As another example, assume that after husband died wife transferred her house to a revocable living trust. She maintained a brokerage account with $78,000.00 in her name with her children as the payable on death beneficiaries. She also had a savings account with $5,000.00 that she forgot about and never transferred to her trust but that account does not have a payable on death beneficiary.
When she dies, can her children utilize the small estate process? The answer is yes. Although her overall estate consists of personal property over $75,000.00 the amount subject to probate is well under that threshold since the brokerage account transfers directly to the named beneficiaries and her house is owned by her trust.
Small estate proceedings will need to be utilized to transfer the savings account to the wife’s heirs but a full blown probate is avoided.
3. Probate is necessary; what’s next?
Assume that wife had a will and her daughter is named as personal representative.

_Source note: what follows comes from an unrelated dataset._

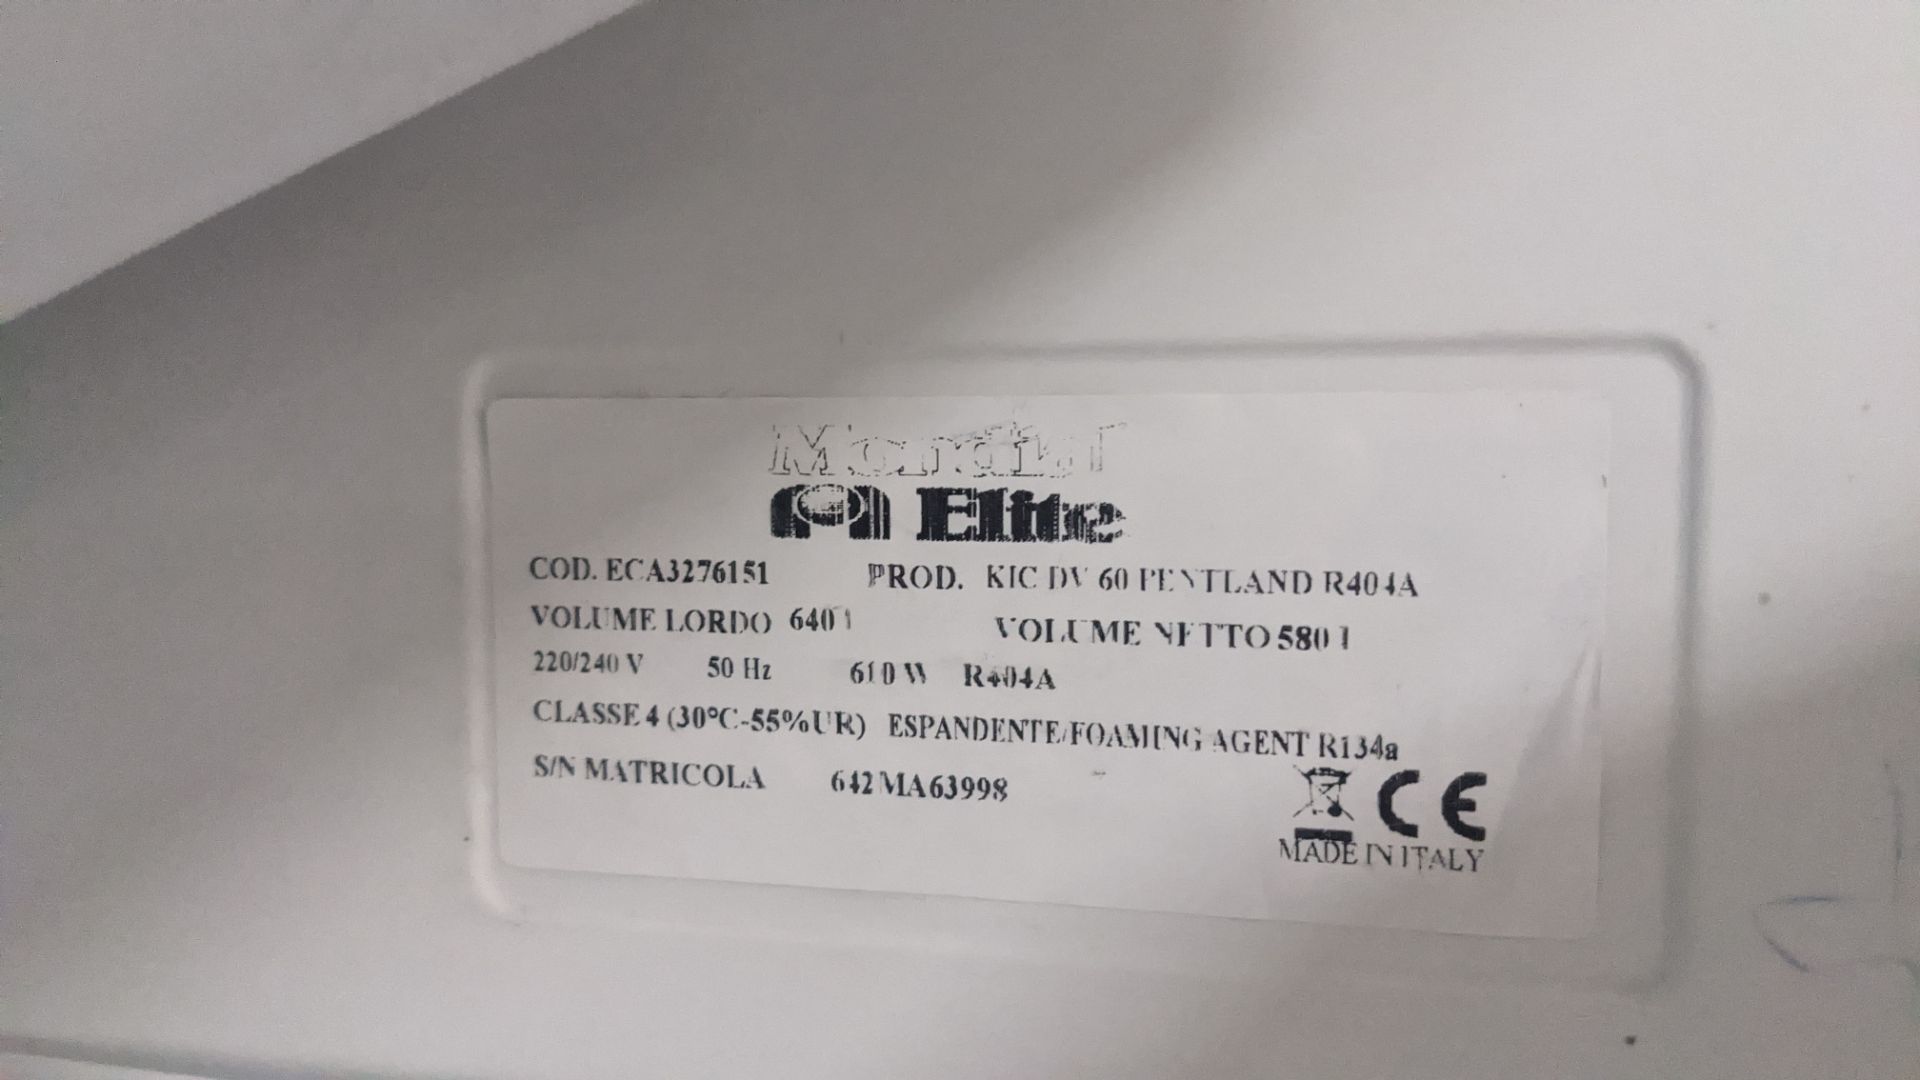 Mondial Elite KICDV60 tall wide white freezer - Image 5 of 5

She will be responsible for administering her mother’s probate estate. Her father passed away a few years ago and the daughter has two brothers.
At this point she may have a vague understanding of her mother’s estate and has searched for a will, trust and other estate planning documents. If she’s lucky, her mother followed her attorney’s advice and placed the original documents in a safe or safe deposit box.

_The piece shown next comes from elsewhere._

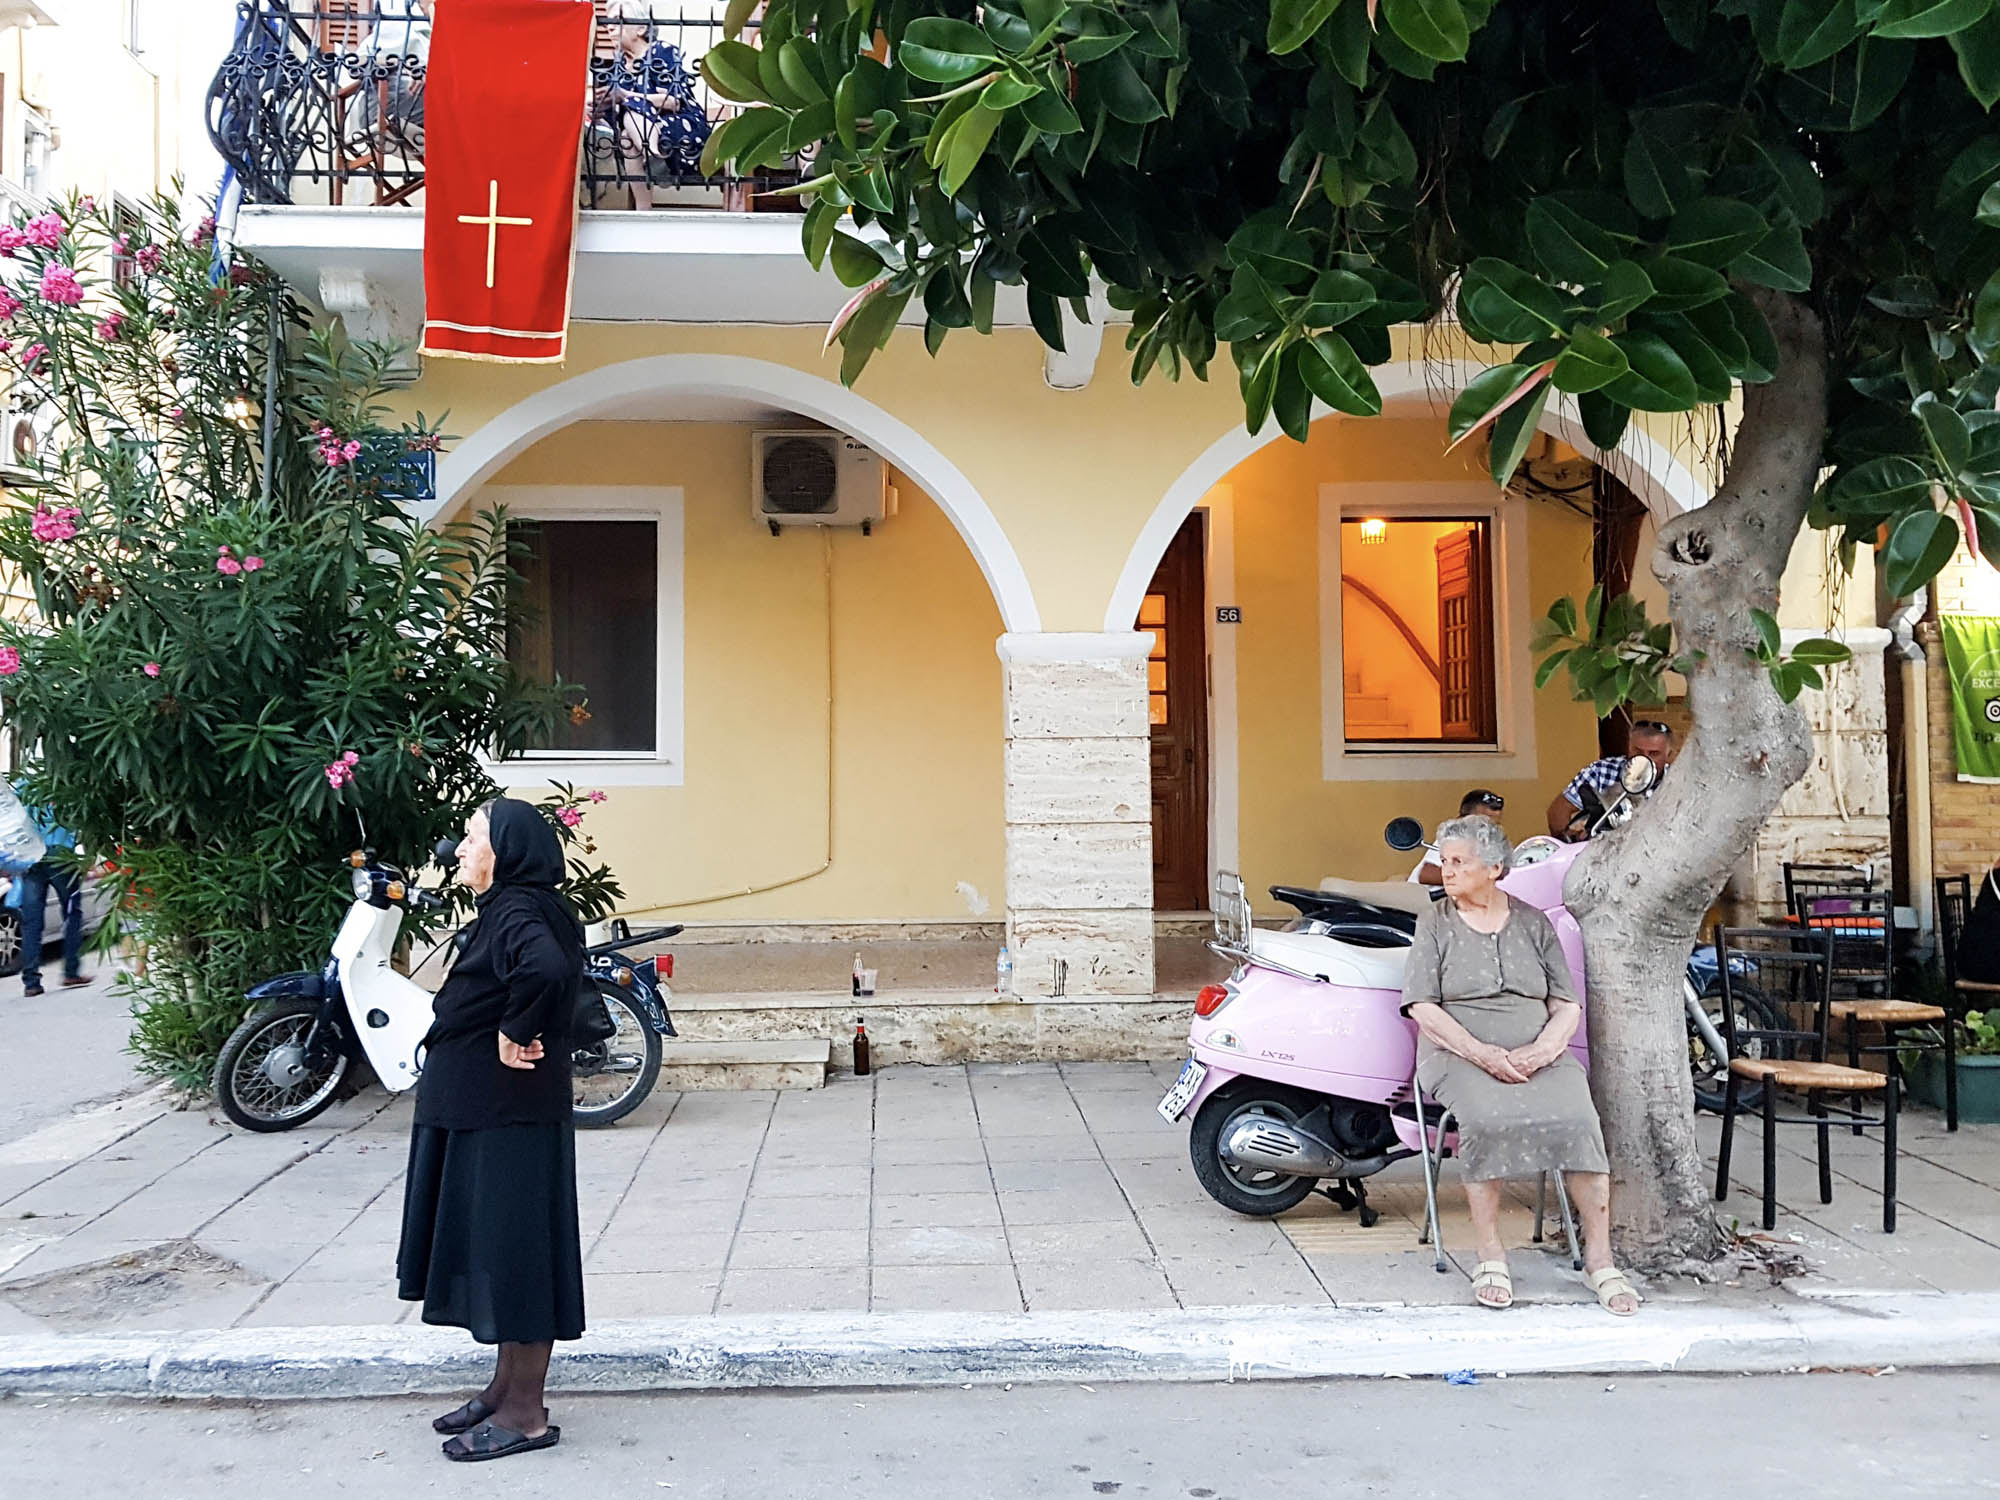 grecka ulica, typowe zdjęcie z ludźmi i skuterem

Since probate is a complicated and confusing process, daughter will need an attorney to help her navigate the probate waters. She can use any attorney that she feels comfortable with.

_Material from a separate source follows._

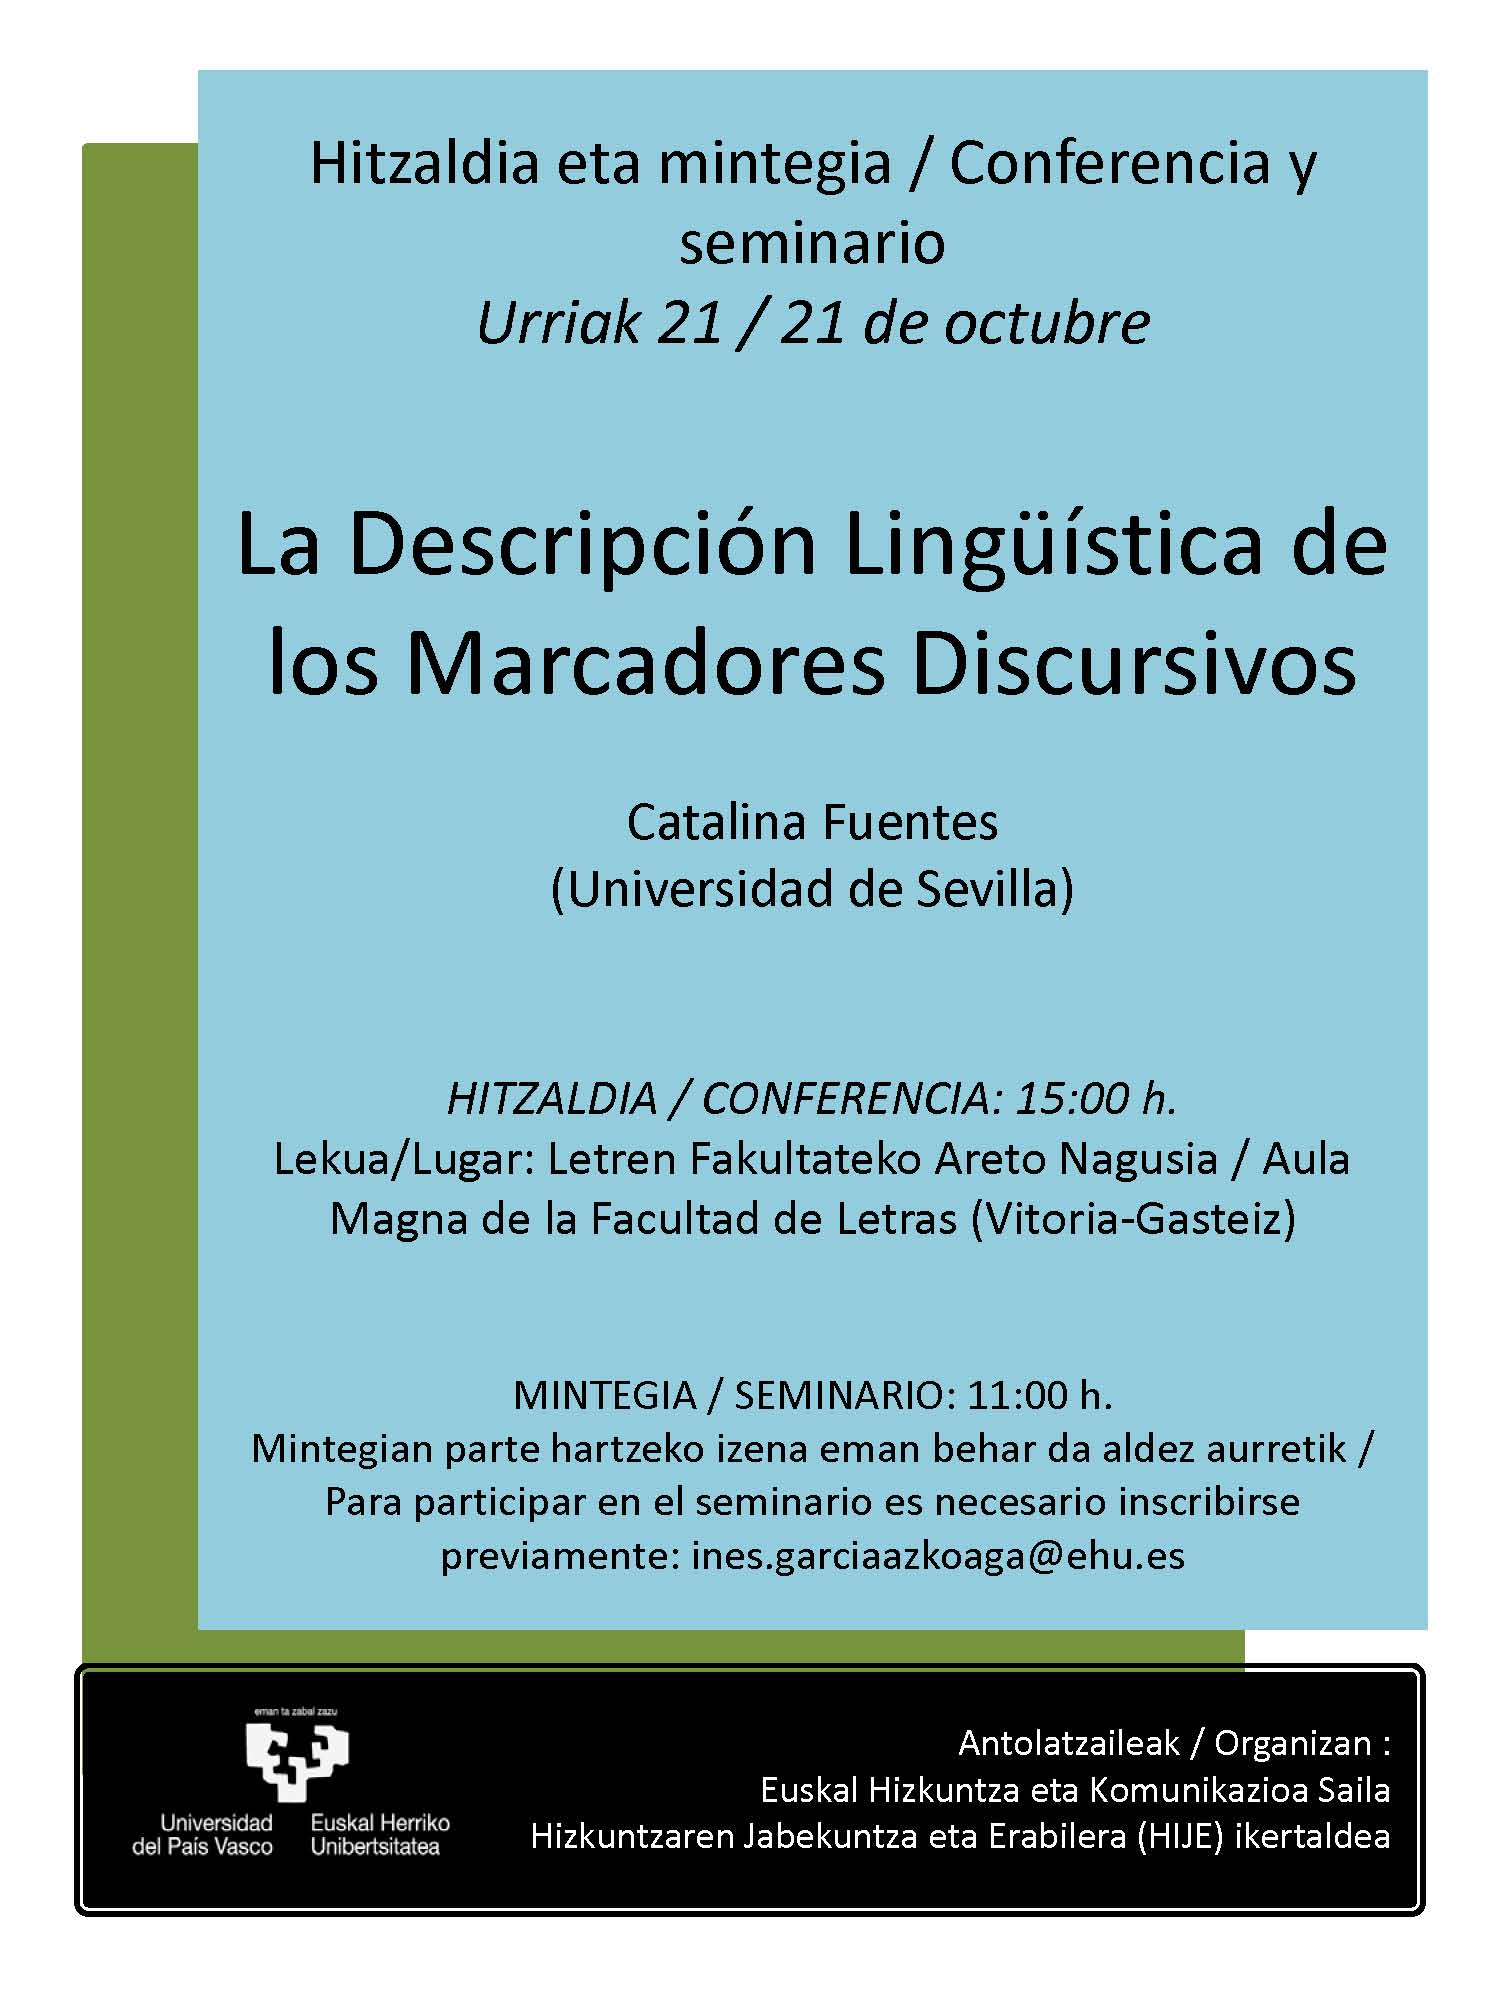 <p>La Descripción Lingüística de los Marcadores Discursivos</p>

At her initial appointment with her attorney she will bring the will, her mother’s death certificate, various documents identifying her mother’s property, and her siblings’ contact information. She may also bring in information concerning any creditors of her mother’s estate (credit card companies, unpaid medical providers, and etcetera). Based on the information provided, the attorney will draft a petition for probate or a petition for administration of an intestate estate depending on whether or not a will exists.
Generally, the individual named as personal representative in the will petitions the court to administer the estate. What happens if a will does not exist, or the personal representative does not want to serve and there’s no named successor? The court gives preference to a surviving spouse, then a child or the nearest next of kin.
If there is no surviving spouse and no next of kin, then, in the event the state has provided public assistance to the decedent, the Director of Human Services or Director of Oregon Health Authority may appoint an attorney to serve as personal representative if the decedent does not have a surviving spouse or next of kin. The Department of Veteran Affairs falls next in line; followed up by any other person. These are merely statutory preferences. The individual still needs to qualify as personal representative.
4. The petition is filed, what happens next?
The petition is essentially a request to the court to admit the will filed along with the petition for probate and to appoint the individual named in the petition as personal representative. Notice of filing the petition will have to be given to various government entitles, to the decedent’s heirs, to the beneficiaries named in the will, and other interested persons. These individuals will have the opportunity to object to the appointment of the personal representative and to request future pleadings from the attorney representing the personal representative.
The next post will discuss what happens once the petition has been filed and the initial steps associated with administering Oregon estates. As with all of the posts on our blog, these posts are informational only and the circumstances surrounding your case or legal matter are unique. These posts do not constitute legal advice and should in no way be relied upon without consulting with a licensed legal professional.